In the run-up to the US election, I find myself very receptive to TV touching on the American Dream; I'm misting up at Simon Schama's The American Future: A History, and devouring HBO's John Adams. Which is a peculiar series, every episode seeming to exist in a different genre: the first sees a mild man radicalised, like a Mel Gibson film done right; the second, leading up to the Declaration of Independence, is the one brimming with patriotic pride; when Adams goes to Europe in the third, his hopelessly undiplomatic diplomacy in the structured courts of Europe turns the whole thing into a comedy of embarassment. And through it all comes a sort of higher patriotism - because I am, after all, not American. I'm British, hence one of the bad guys in this story (The American War of Independence - is it the only war it was ever right that Britain should lose? I'm struggling to think of another). But the ideal of America, like the ideal of Greece before it, is part of the shared heritage of humanity's better part - even if, being in the hands of humans, it has shown the human tendency to fall terribly short of the ideal.
It's weird, though - being a young country, America has a national epic where the facts and figures are a matter of record. The rest of us have myths we can recast and reinterpret, but theirs...well, the DVD finds the series accompanied by a feature called Facts Are Stubborn Things. They can play a little loose with some details - the editing of the Declaration of Independence feels like a scene from a student newspaper office, with Franklin distracted by Jefferson's other great creation, the revolving chair. But Franklin still talks mainly in Franklin quotations, and we have yet to see George Washington with an outfit or facial expression other than the one from that portrait.

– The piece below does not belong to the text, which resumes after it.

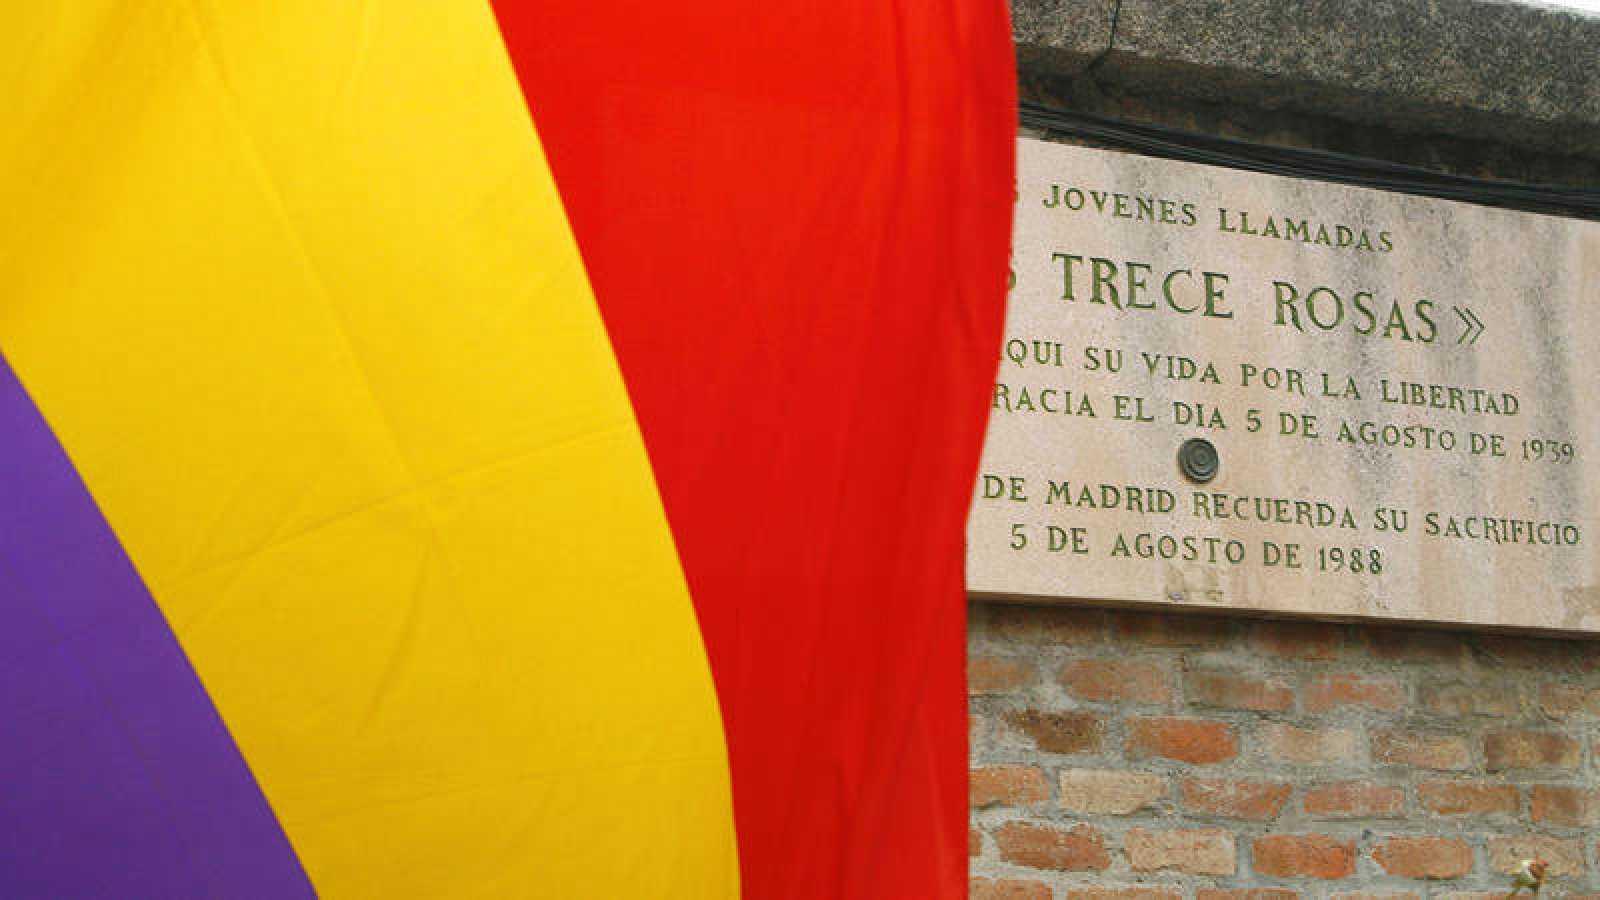 Una bandera republicana ondea junto a la placa que recuerda en el cementerio de la Almudena a las Trece Rosas
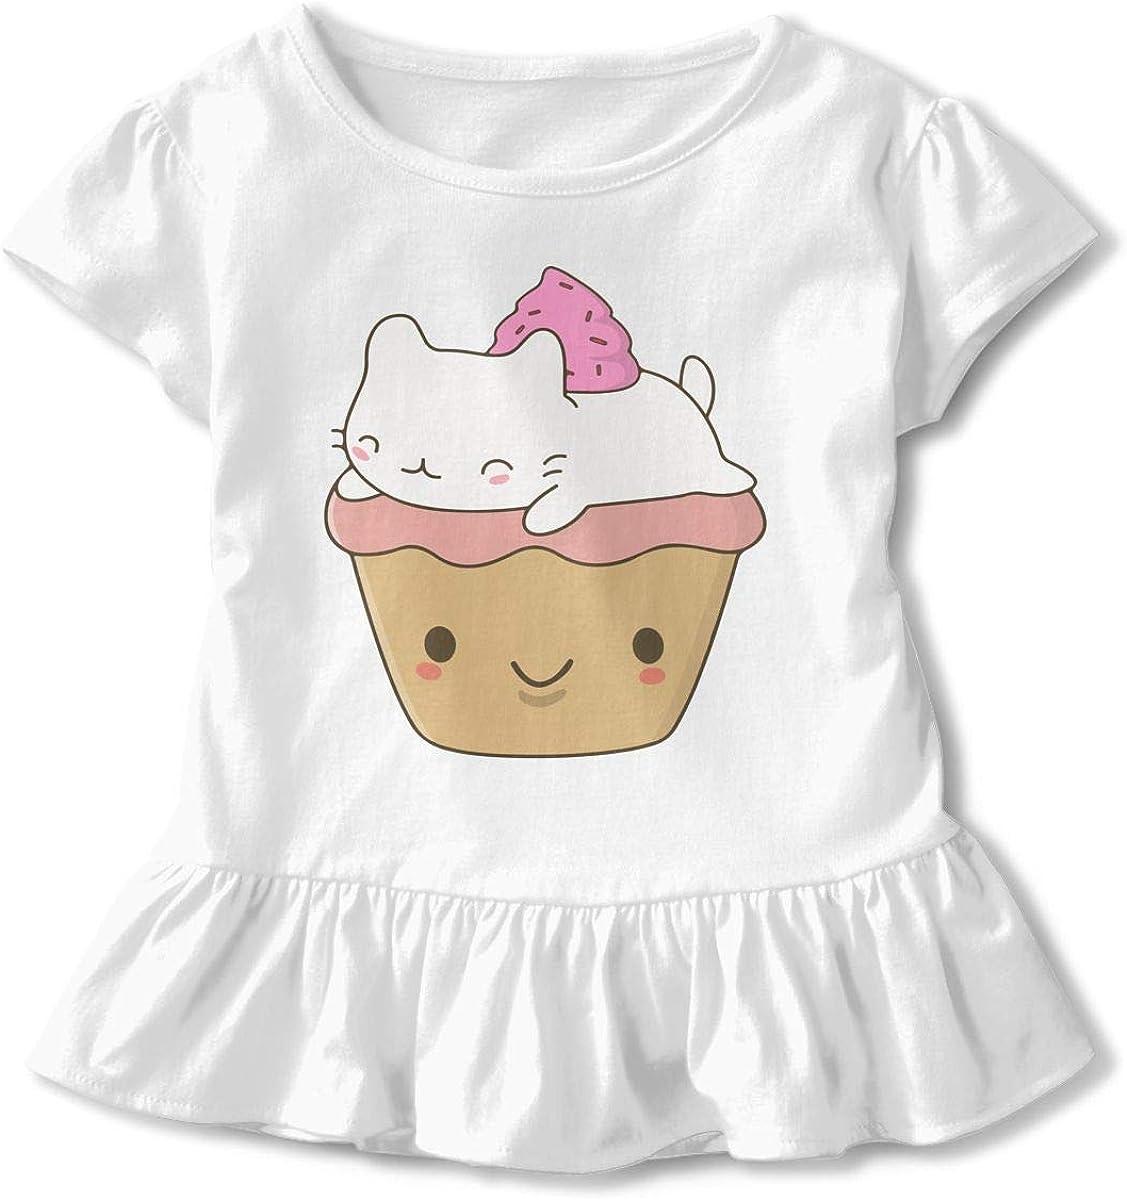 Kawaii Cat Burger Kids Children Short-Sleeved Tshirts Dress

In the same time period, I've finally finished the Talleyrand biography I've been reading on-and-off for ages. Was amused to read that after Waterloo, various well-meaning English liberals attempted to use writs of habeas corpus to prevent Napoleon's rendition to exile in St Helena. This, remember, is after he has already escaped from one, gentle exile on Elba, left Europe in tatters, caused the death of thousands and even left France in a considerably worse position than it was after his first defeat. And yet, still, some people are primarily worried about the possible infringement of his human rights.
I do love Britain's liberal tradition, but it hasn't half bred some soft idiots in its time.
(Talleyrand himself is a strange figure - a man who prized stability and good governance above all things, but had the misfortune to be born French. Had he lived in Britain, and been able to curb his taste for backhanders, he'd have done very well in the Civil Service**, and his name would now be forgotten. But living in France...he never managed to direct events half so much as he would like or even as much as this adoring biographer contends. Consider, this is a man who felt that among the things France most needed were a free press, the rule of law and lasting peace with England - and yet he ended up intimately involved with the Revolution, at the right hand of Napoleon, and in practice acted as precious little brake on either. And yet, for what little he did achieve, he has attained immortality - albeit by being remembered as a byword for duplicity, vanity and greed. Oh, and his legendary wit? Either it just doesn't translate, or it was rubbish in the first place and people only laughed like they do at any powerful man's jokes. Like Wilde in Stoppard's Invention of Love, he lives in history simply because he was in the wrong place at the wrong time. Suddenly, obscurity doesn't seem so bad. And if any of that seemed like patriotic chauvinism, I refer you to Talleyrand's own summary - "The English do everything better than we do". This in a letter to a countryman, mark you, not as part of his usual sycophancy)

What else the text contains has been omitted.